Your goal: Would you please repeat all of the data exactly, omitting the pictures?

The data:
-*-*-

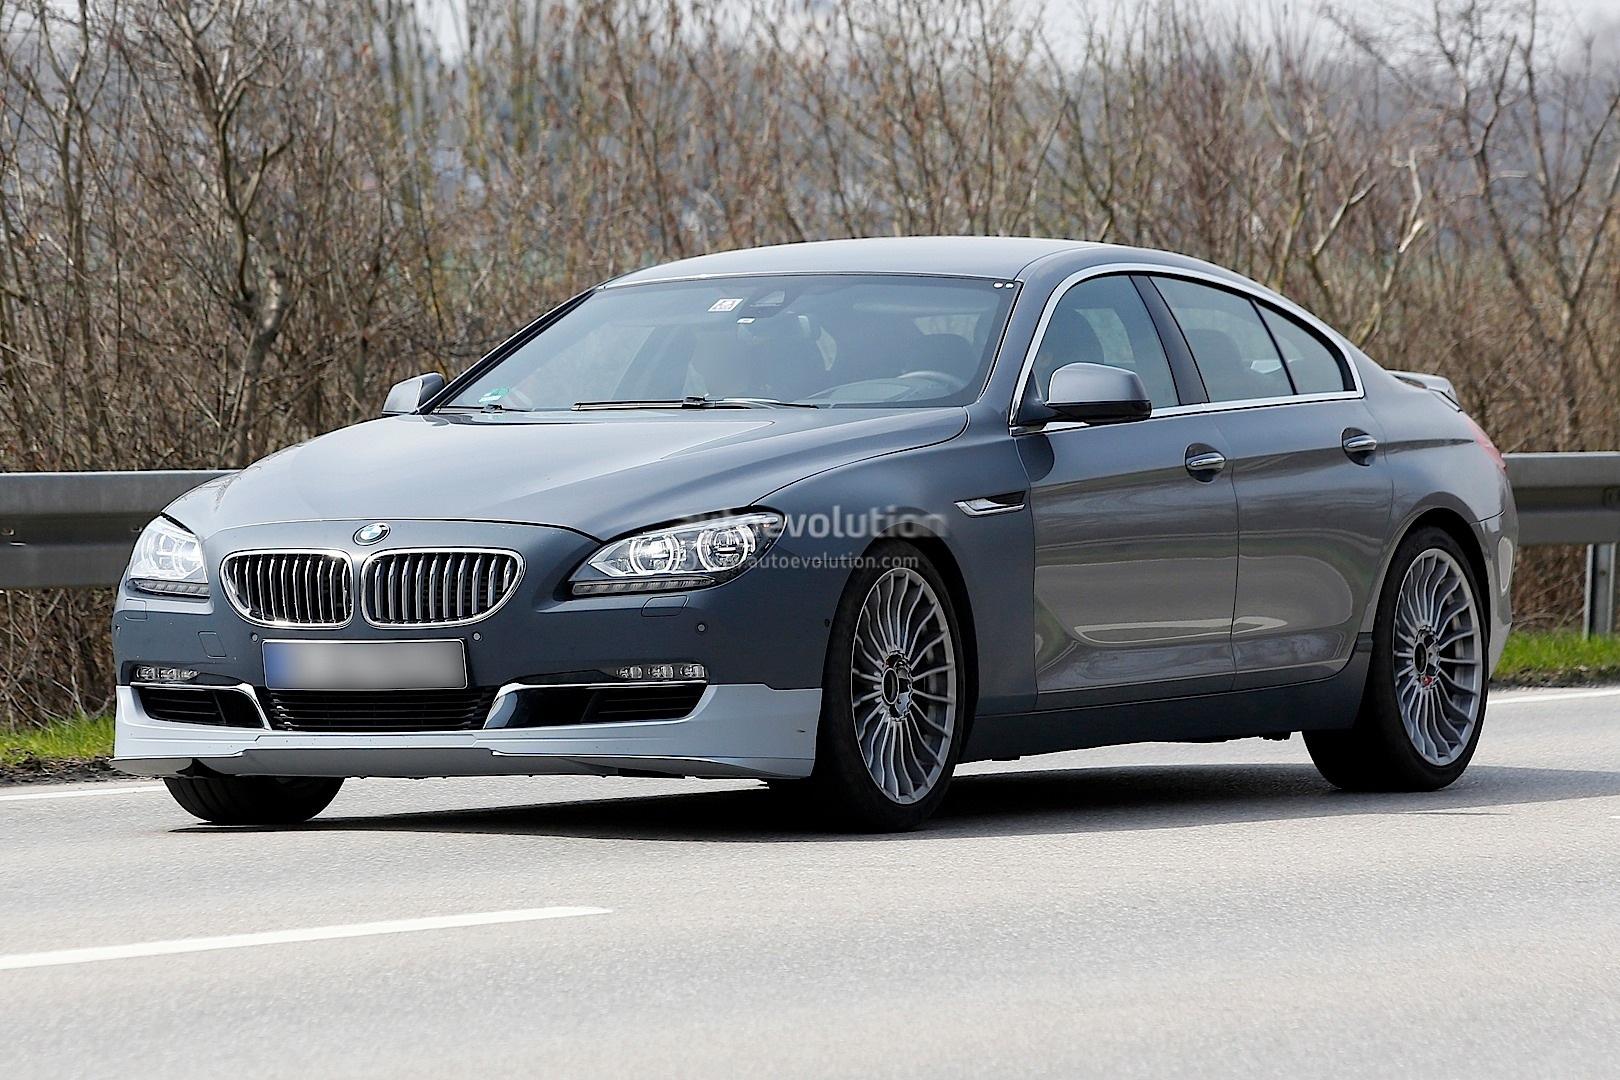 2012 - [BMW] Série 6 / M6 Gran Coupé [F06] - Page 10 Spyshots-alpina-b6-biturbo-gran-coupe_2
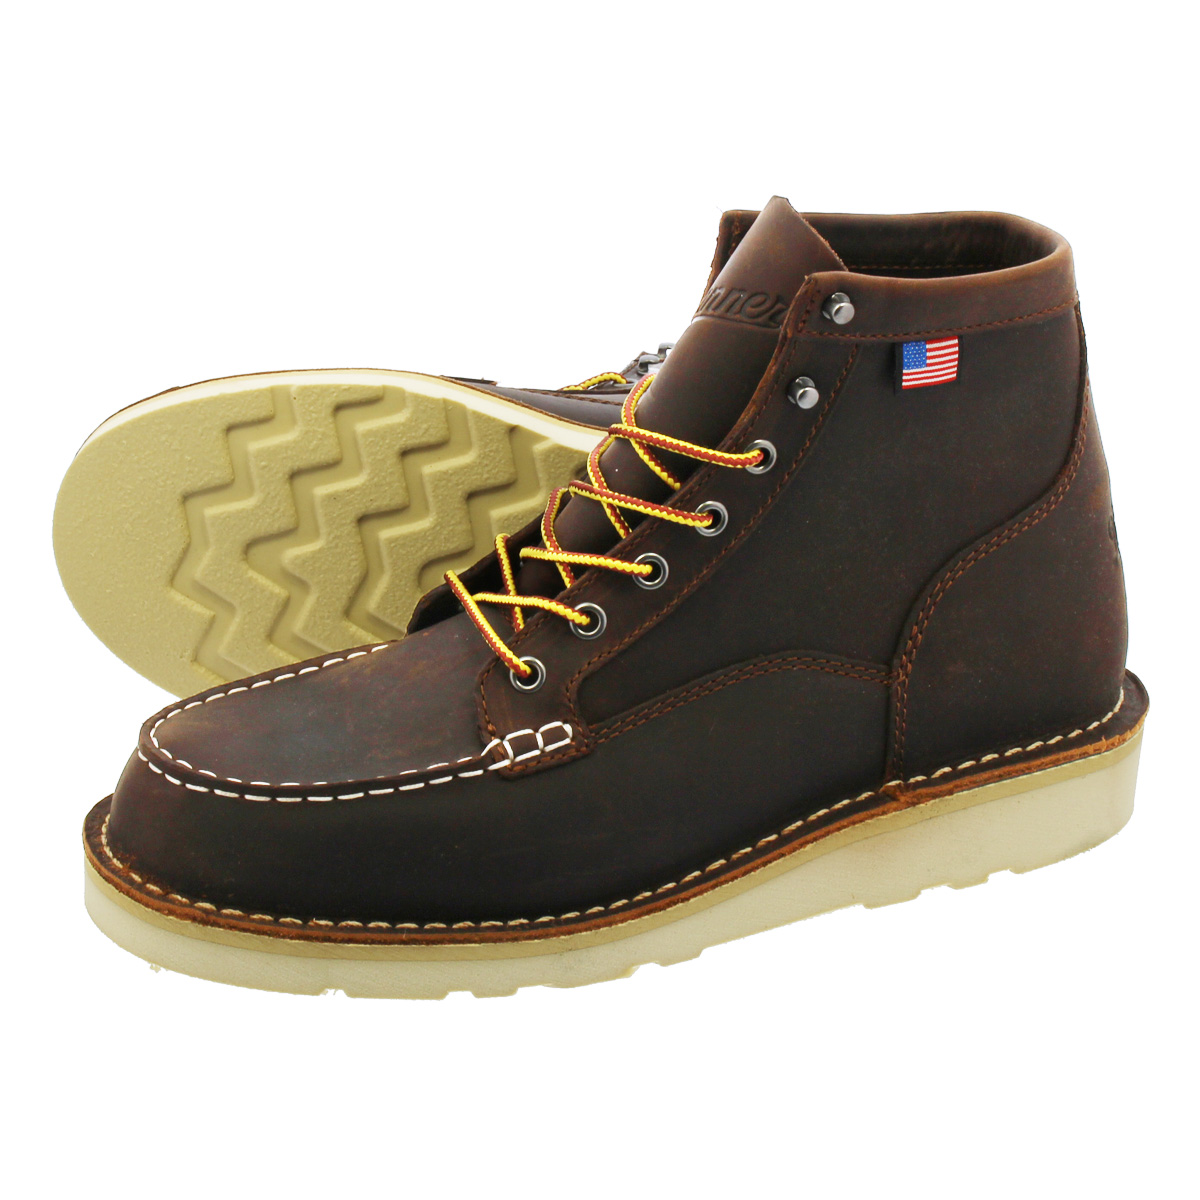 DANNER BULL RUN MOC TOE 6INCH BOOT 【MADE IN U.S.A.】【D WIDTH】ダナー ブル ラン モック トゥ 6インチ ブーツ BROWN 15563
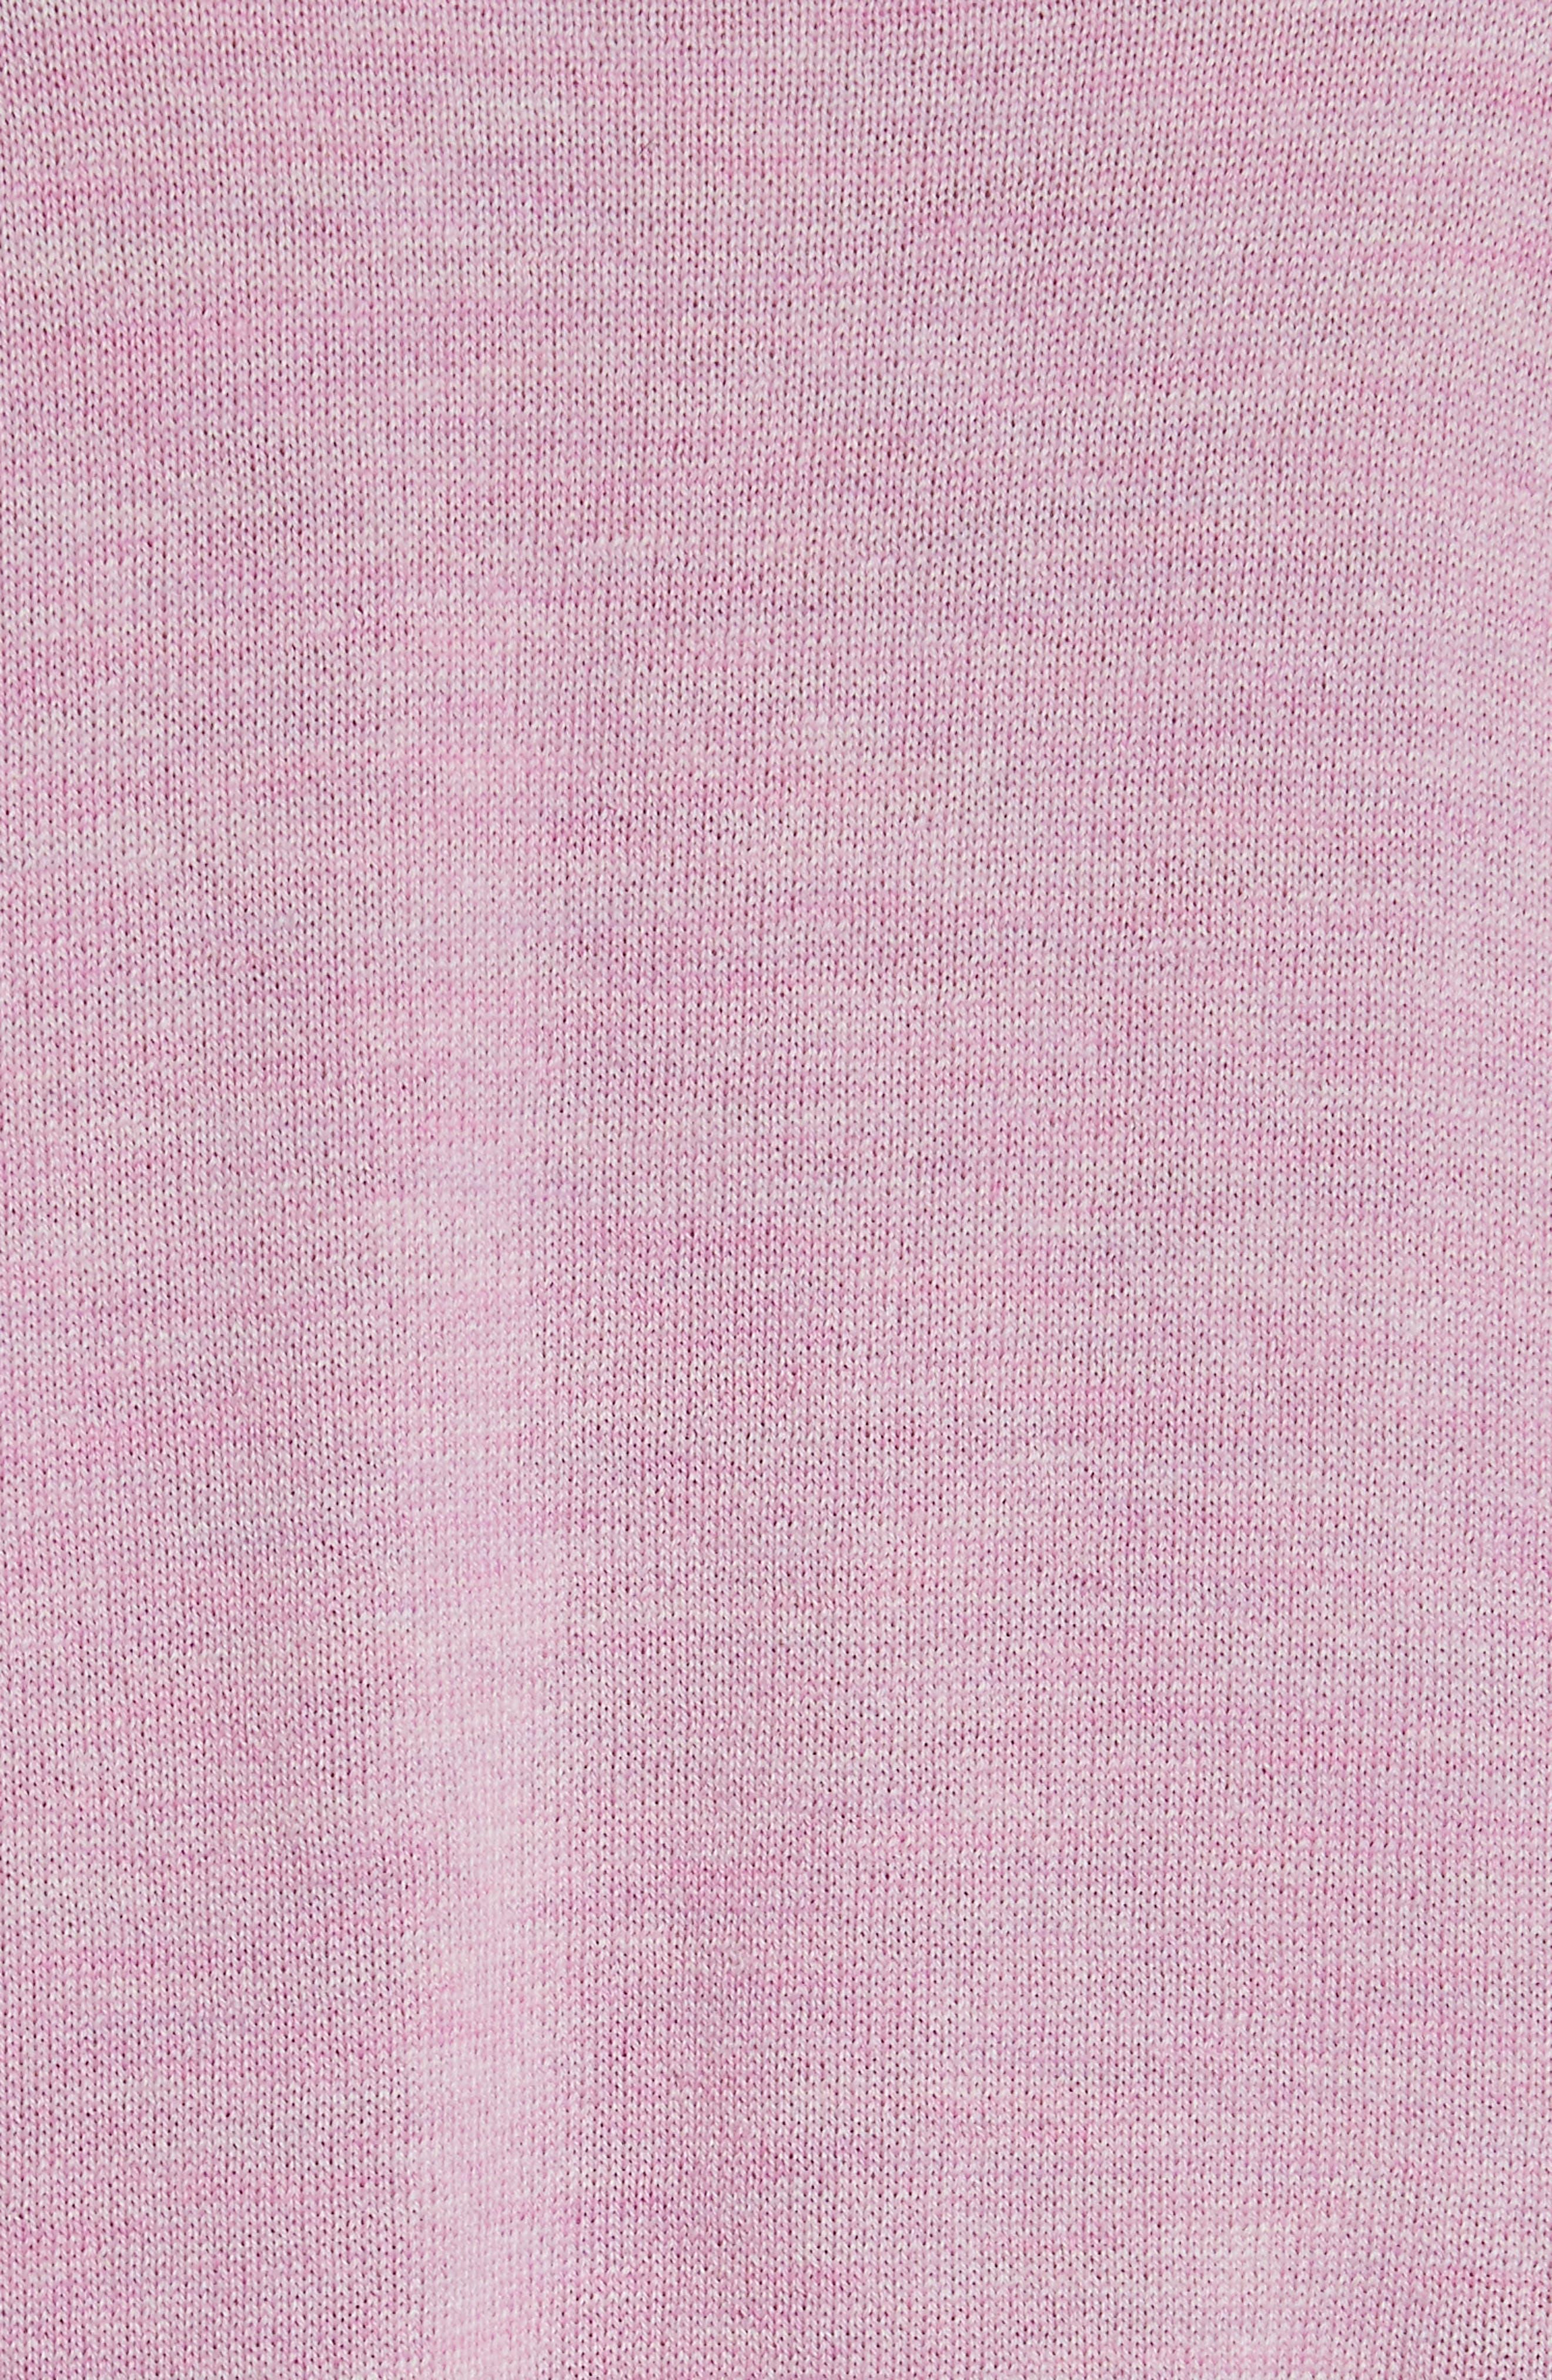 Turtleneck Merino Wool Sweater,                             Alternate thumbnail 5, color,                             691
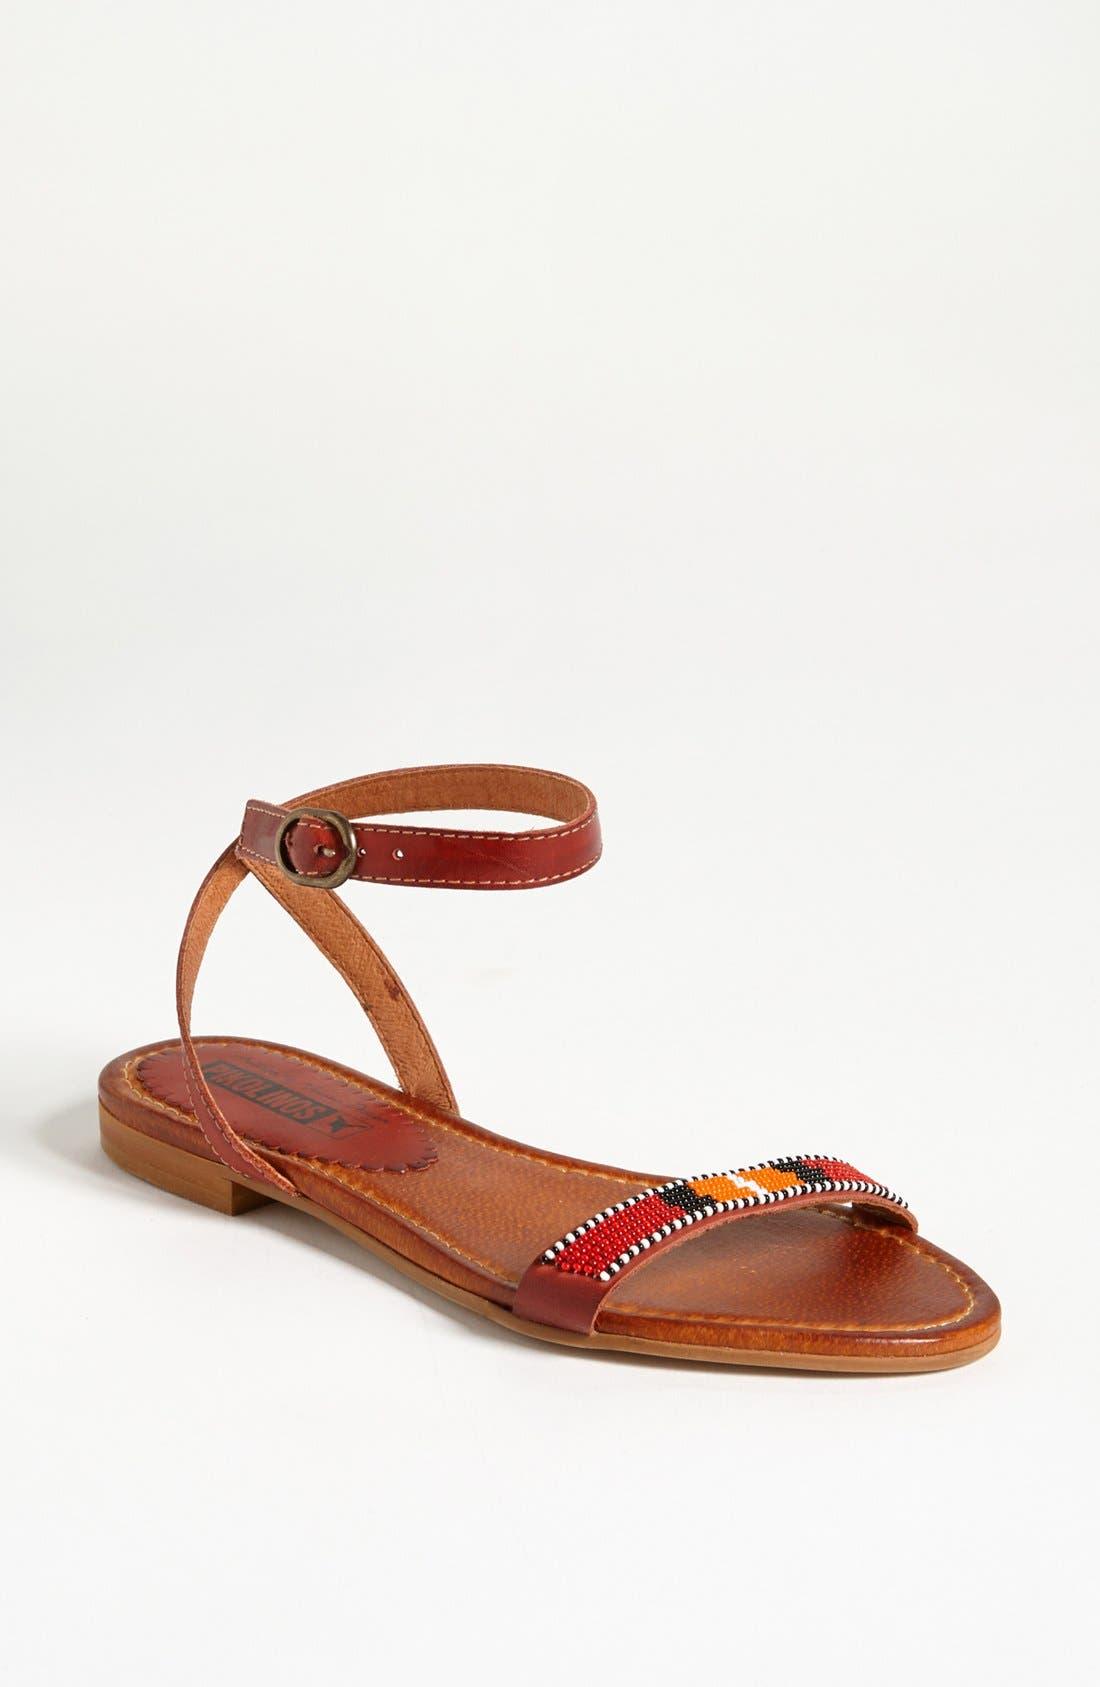 Alternate Image 1 Selected - PIKOLINOS 'Formentera' Sandal

-*-*-

Result of this task:
 2012 - [BMW] Série 6 / M6 Gran Coupé [F06] - Page 10 Spyshots-alpina-b6-biturbo-gran-coupe_2
 DANNER BULL RUN MOC TOE 6INCH BOOT 【MADE IN U.S.A.】【D WIDTH】ダナー ブル ラン モック トゥ 6インチ ブーツ BROWN 15563
 Turtleneck Merino Wool Sweater,                             Alternate thumbnail 5, color,                             691
 Alternate Image 1 Selected - PIKOLINOS 'Formentera' Sandal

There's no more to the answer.